If I understand the problem correctly (a shakey assumption at times), then:
timeD can be quickly computed with broadcast subtraction: timeD = T[:, None] - T[None].
For spaceD, you can use scipy.spatial.distance.pdist to compute the euclidean distance between each point, then normalize according to the formula in the appendix:
xy_coords = xyt[['x', 'y']].values
spaceD = np.exp(pdist(xy_coords, 'euclidian') / 2 / sigma ** 2) / 2 / np.pi / sigma
So that will give you two N \times N matrices with all the preliminaries you need. As an aside, they subtract T.min() from T as a normalization, so that the first time in the dataset is 0. It keeps you from having underflows when you exponentiate. Personally I’d even go one step further and normalize it so the dates are all on the 0-1 interval (e.g. with sklearn.preprocessing.MinMaxScaler), but that’s a personal preference.
Next you need to do the ll computation. For this I like to use masks. I’d start by just naively computing everything, as in:
ll = a * lengthscaleT * exp(timeD * lengthscaleT) * spaceD
This ll holds the element-wise computation for every possible (i,j) combination. The trick now is only to add up certain elements. It turns out to be the lower triangle of this matrix. You can convince yourself of this by running the following code (which is the loop in the stan code, remembering that R starts indices from 1):
n = 10
mask = np.zeros((n , n))
for i in range(1,n):
for j in range(0, i):
mask[i,j] = 1
mask
>> Out: array([[0., 0., 0., 0., 0.],
[1., 0., 0., 0., 0.],
[1., 1., 0., 0., 0.],
[1., 1., 1., 0., 0.],
[1., 1., 1., 1., 0.]])
Anyway there’s an easier way to make this matrix than doing that loop:
addition_mask = np.zeros_like(timeD)
addition_mask[np.tril_indices_from(addition_mask, k=-1)] = 1
So we multiply ll by this mask then sum away the 2nd dimension: ll = (ll * addition_mask).sum(axis=-1) and we’re done.
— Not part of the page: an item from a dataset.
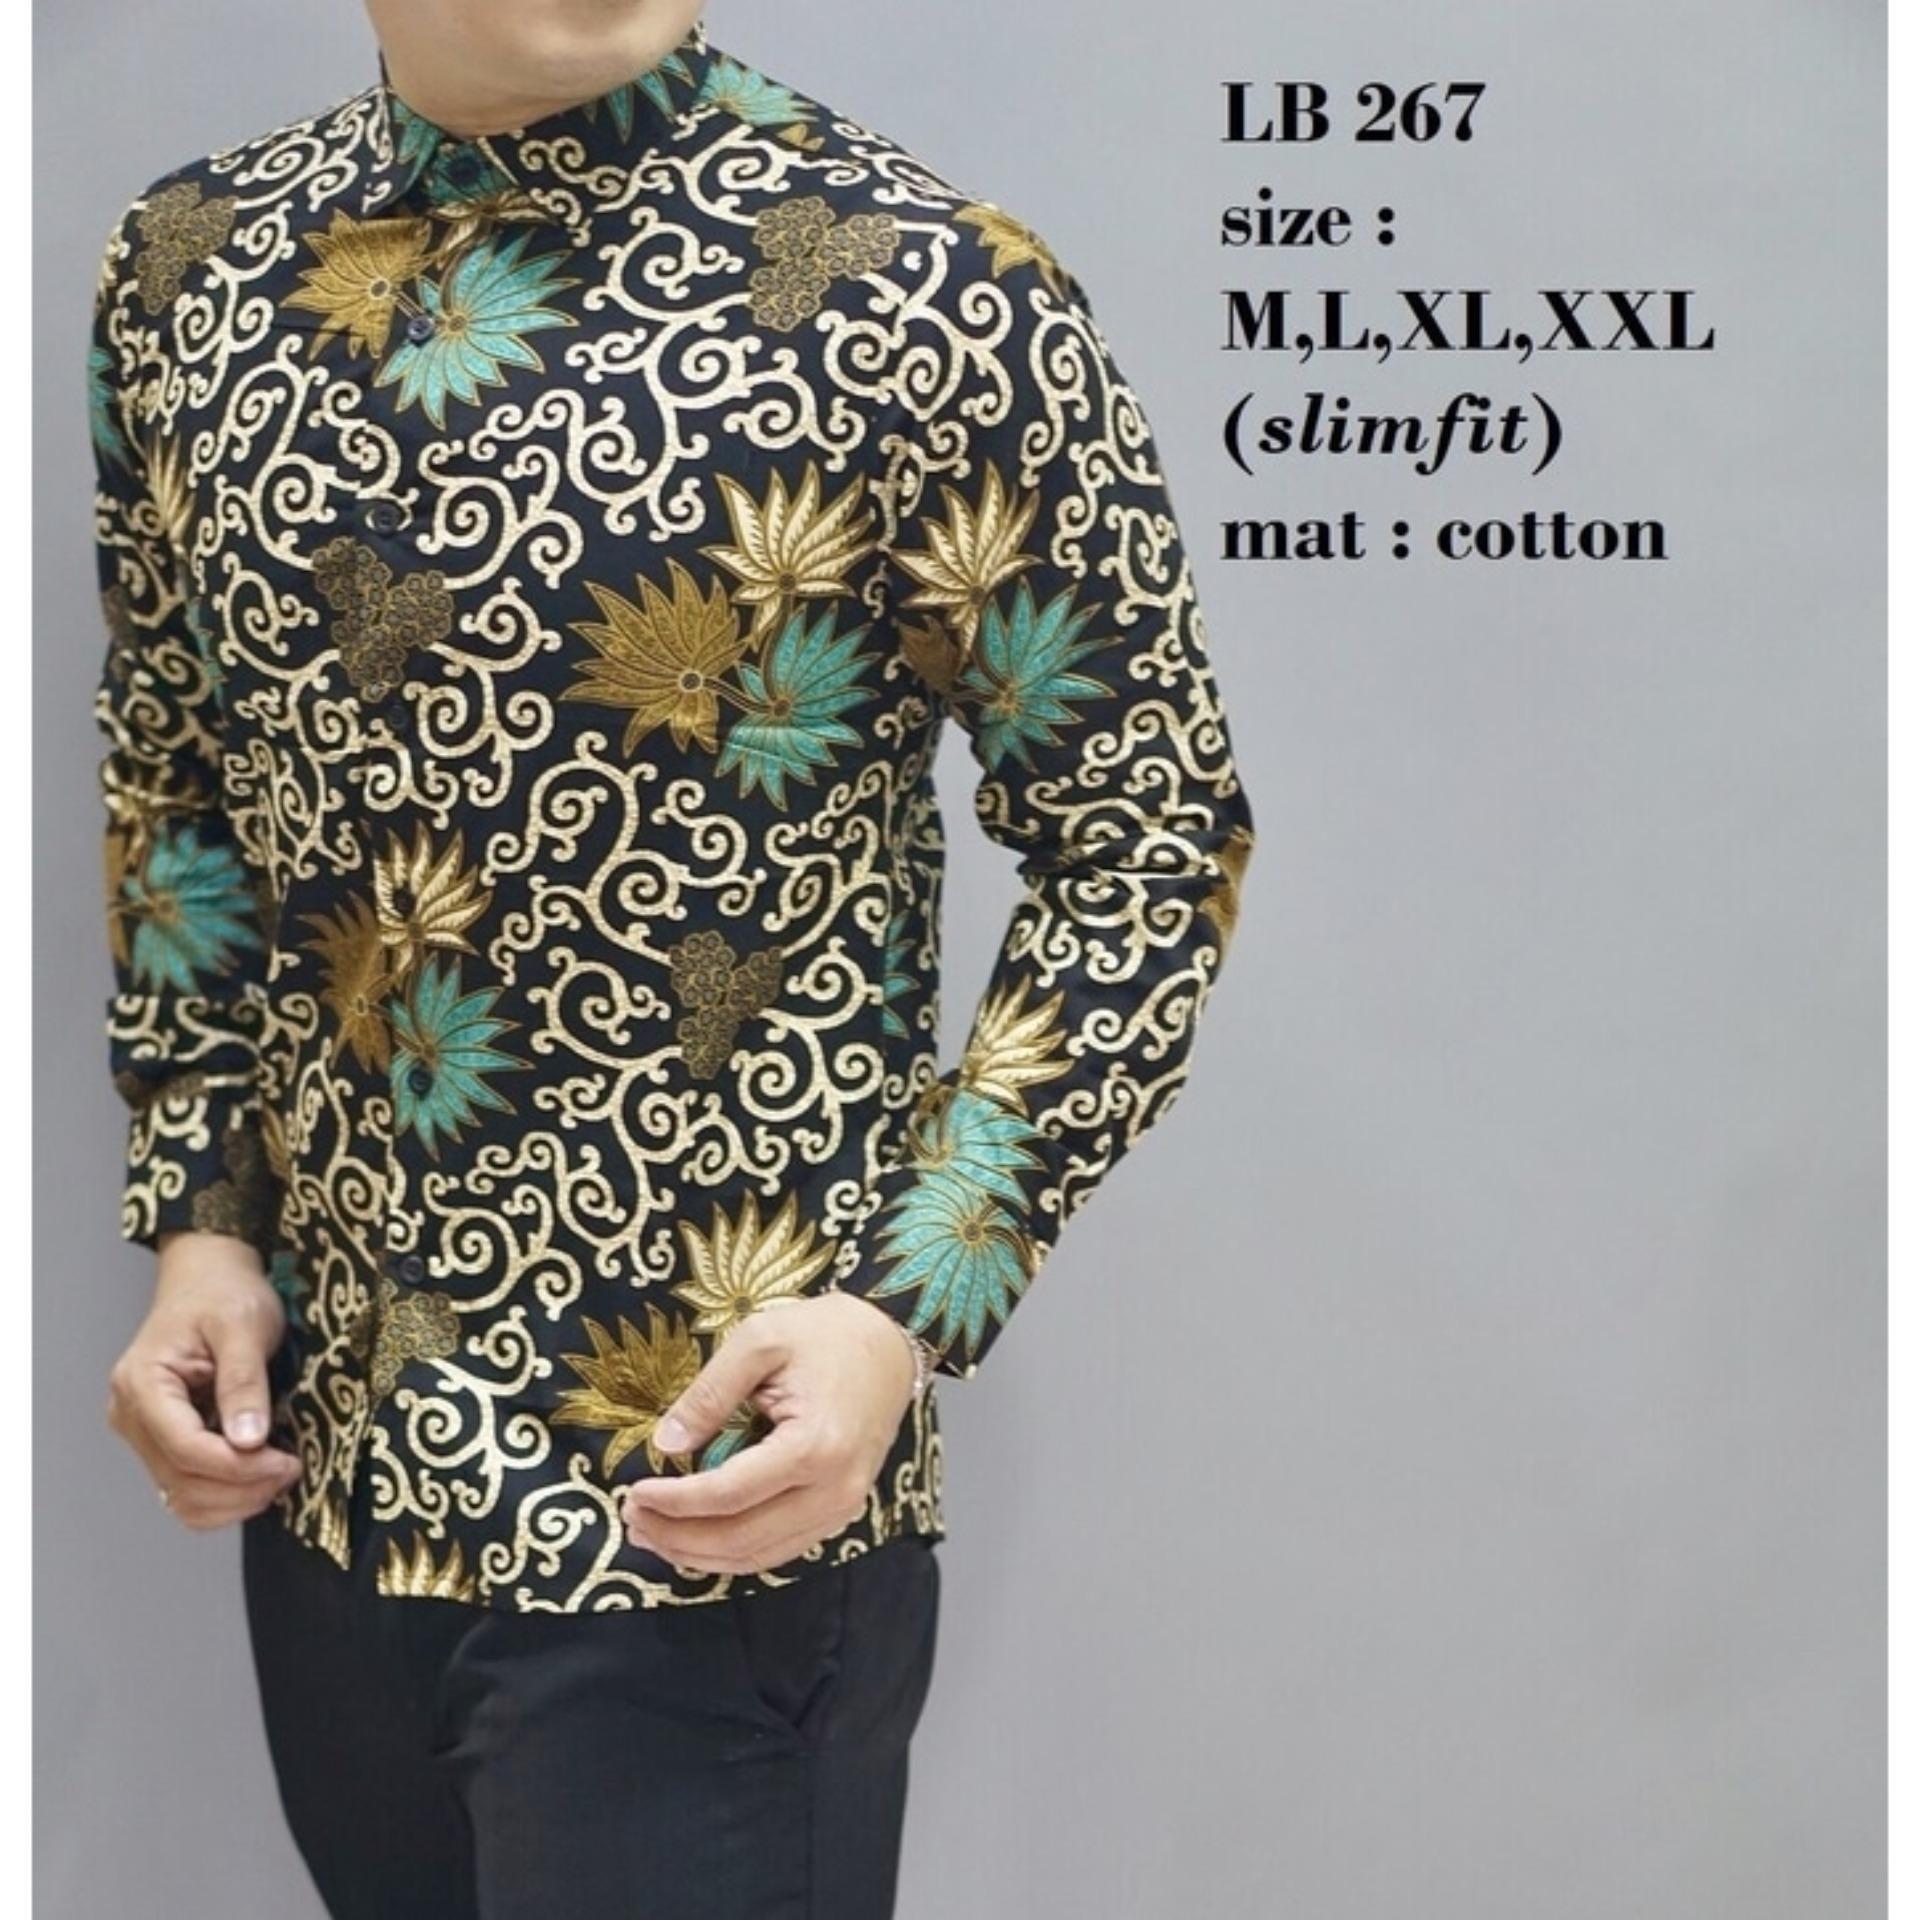 Jual Baju Pria Baju Batik Slimfit Baju Pesta Kemeja Keluarga D486 Bajuku Murah

Note that you could also use this masking method to do the summation even if the rows are not sorted by time, you’d just have to be a bit more clever about how to construct the mask.
For actually making the PyMC model, I’d make the addition mask and the distance matrix in numpy then call pt.as_tensor_variable on the results, otherwise things should map over 1:1. You could even use a guassian covariance kernel from pm.gp.cov instead of pdist if you wanted to be fancy.